Without net neutrality, you’ll have winners and losers. Car companies that can afford to pay for that fast lane will have it, but smaller car companies and people with less to spend could end up with cars that don’t have that secured access to the internet.
Since connected car technology depends on cars being able to communication with each other and tap into the larger network of traffic information and maps, internet access is crucial for safe and efficient transport of people – lives are on the line. So how do we pro/con this debate?
Driverless Cars WITHOUT Net Neutrality
The good of this scenario:
Again, without net neutrality, companies can pay for fast lane – if they can afford it. And what is America without capitalism?
Proponents of repealing net neutrality (er, opponents of net neutrality), maintain that self-driving cars need to be able to rely on optimal, fast internet services ALL.THE.TIME. or risk serious – even deadly – consequences. In a world without net neutrality, companies can theoretically pay for and offer this reliability.
The bad of this scenario:
This could mean a serious class divide in who can use cars when. People with less to spend may be stuck waiting in autonomous cars for the network to clear out so their car can gain access – imagine the “buffering” you see on Netflix, but applied to your car.
In a worst-case scenario, it could mean cars going offline in the middle of a ride – putting both the person inside and everyone else on the road in danger if it can’t access the real-time traffic information.
Since the safety of one car on the road affects the safety of everyone, it’s likely that the government would create rules to allow only cars with fast-track access on the roads to avoid that worst-case scenario. That would mean only big companies can compete, driving smaller companies out of the connected car business and potentially stifling innovation.
Driverless Cars WITH Net Neutrality
The good of this scenario:
All car companies would have equal access to the internet, meaning that smaller companies could still compete and people with less money to spend on transportation are more likely to be able to access self-driving car options.
Additionally, legislation could be written for and apply to all companies and all citizens, simplifying what is already promising to be an arduous process in this age of lightning fast innovation that affects our public infrastructure.
The bad of this scenario:
Opponents of net neutrality maintain that if thousands of cars are on the road in every city accessing the internet at once, it could become overtaxed and not work as well for anyone. This brings us back to the “buffering” scenario from above – people stuck sitting in their cars waiting until the signal is good enough to get moving again.
In this case the situation would resemble the issues we have now. Everyone would be dealing with the frustrations of traffic and waiting equally, rather than there being a class divide in how it shakes out.
Based on the arguments made by Comcast and the FCC, those seem to be our main options, but other experts have argued that those comments are actually disingenuous. There are a couple of reasons to believe that connected car technology will fall outside of the issue of net neutrality completely.
For one thing, as Wired points out, the original net neutrality order created a category of services that were exempt from net neutrality. Things like telemedicine technology that have a life or death importance are considered non-BIAS data services that are entitled to priority internet access even under the rules of net neutrality. Driverless cars would very likely be classified that way as well.

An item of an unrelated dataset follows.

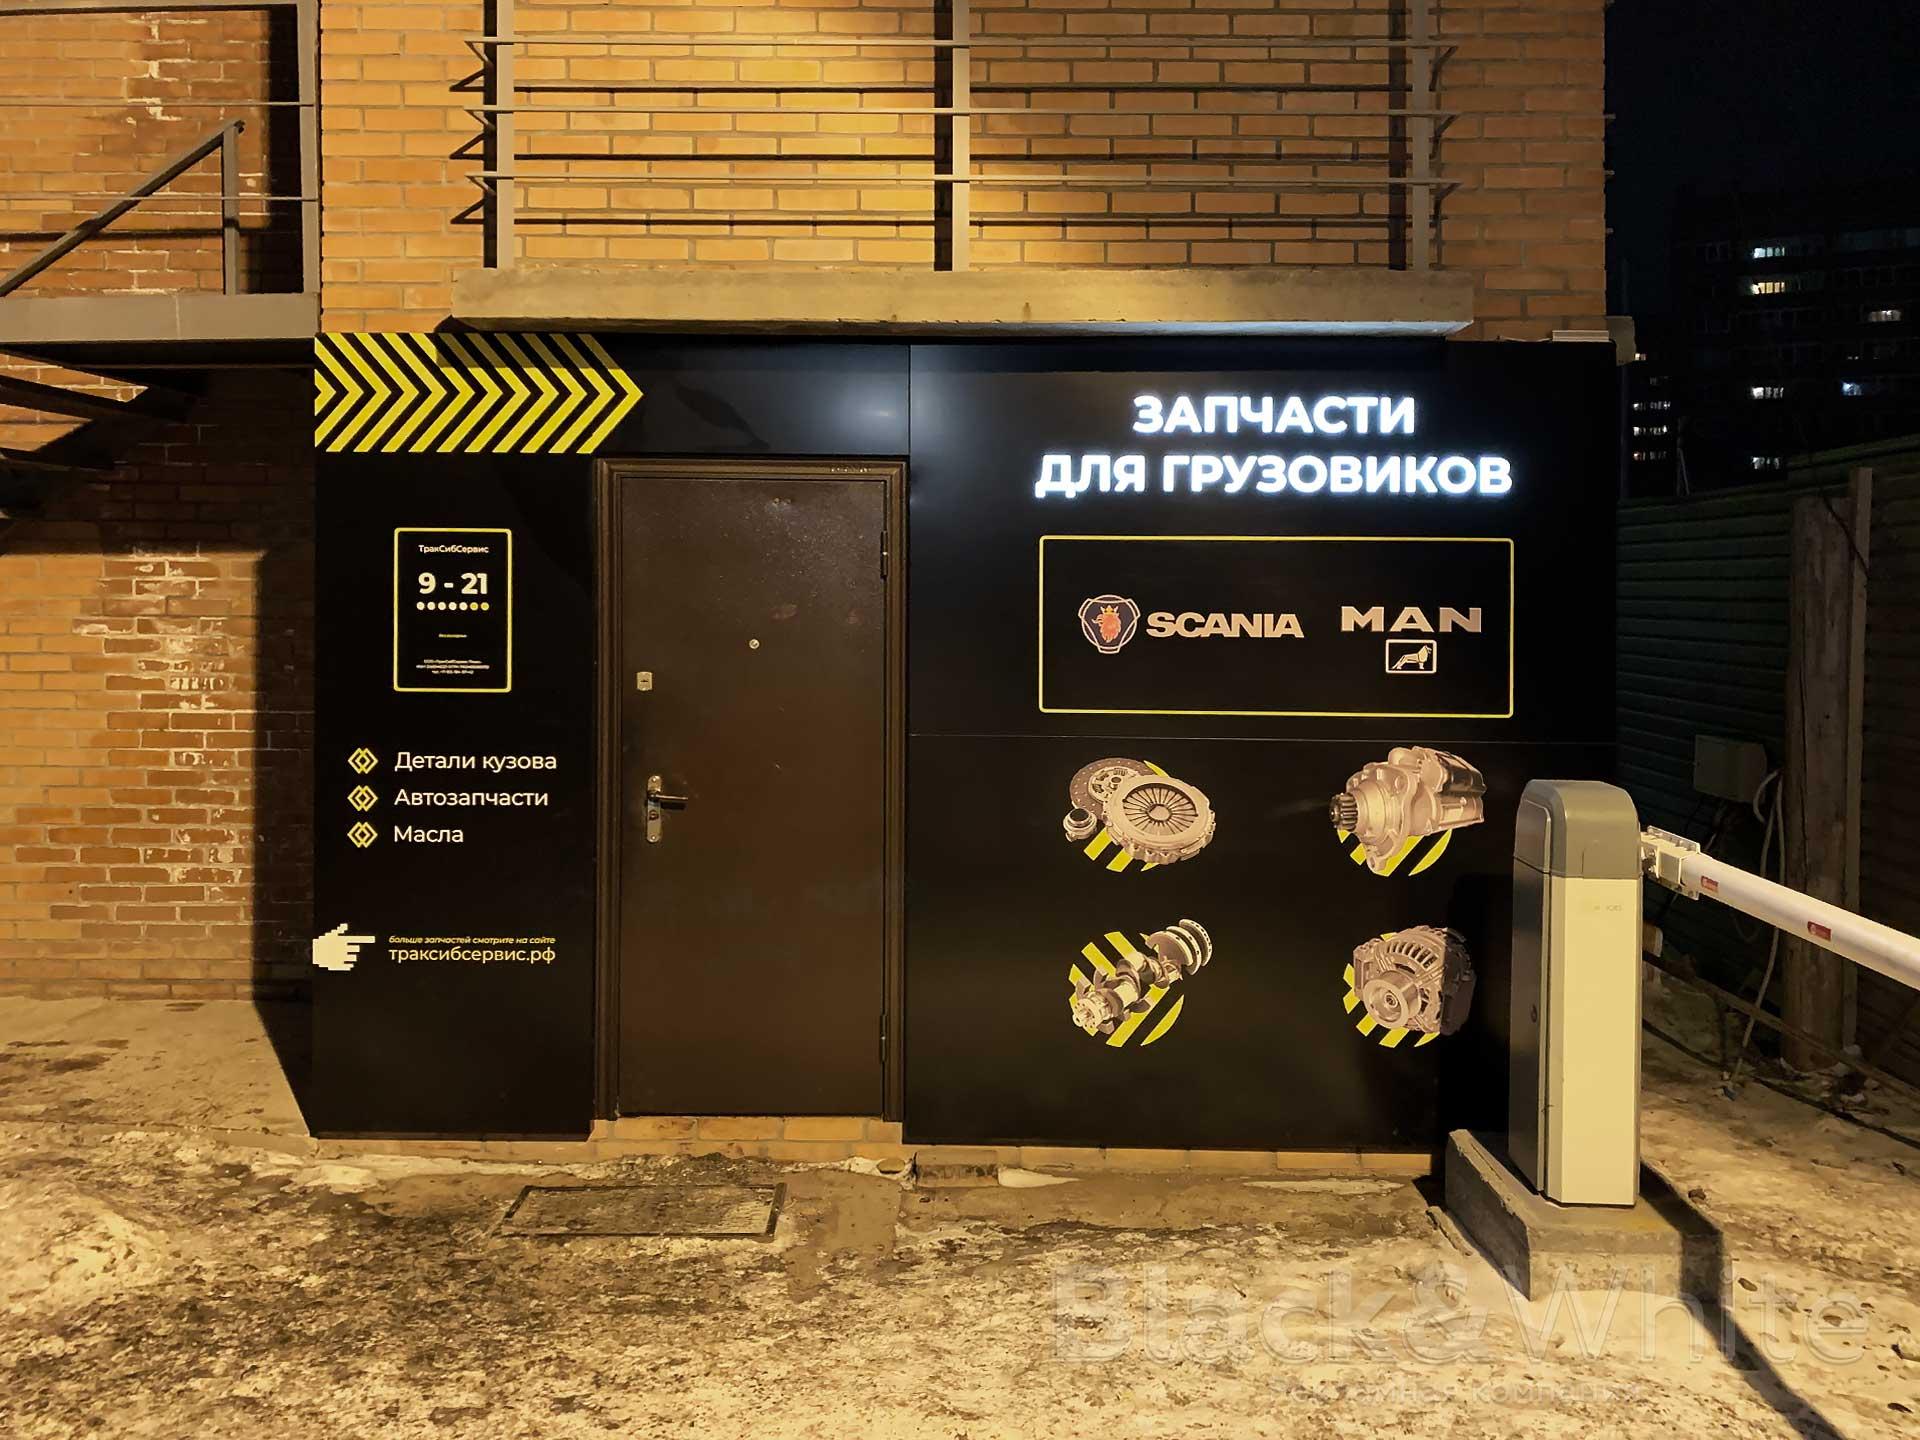 Фасадная-входная-группа-со-световыми-элементами-в-красноярске..jpg

(But “very likely” is the crux of this debate, is it not?)
Further, The Verge made the case that the FCC has already set aside a spectrum in the 5.9GHz band specifically devoted to vehicle-to-vehicle (V2V) technology. To put that in plainer English, the FCC has already decided that driverless technology will have access to a different part of the internet than the rest of us.The hypothetical “fast lanes” have already been created for self-driving cars and were never going to be subject to net neutrality rules.
(Oh, there it is.)
With the way driverless car technology and the network set aside for V2V communications are classified now, net neutrality (or a lack thereof) shouldn’t have any real effect on how or whether driverless cars work.
And since everyone involved in developing, regulating, and using autonomous car technology has an interest in making sure they can access the level of connectivity they need to work smoothly, it’s likely that government and industry will work together to make it happen.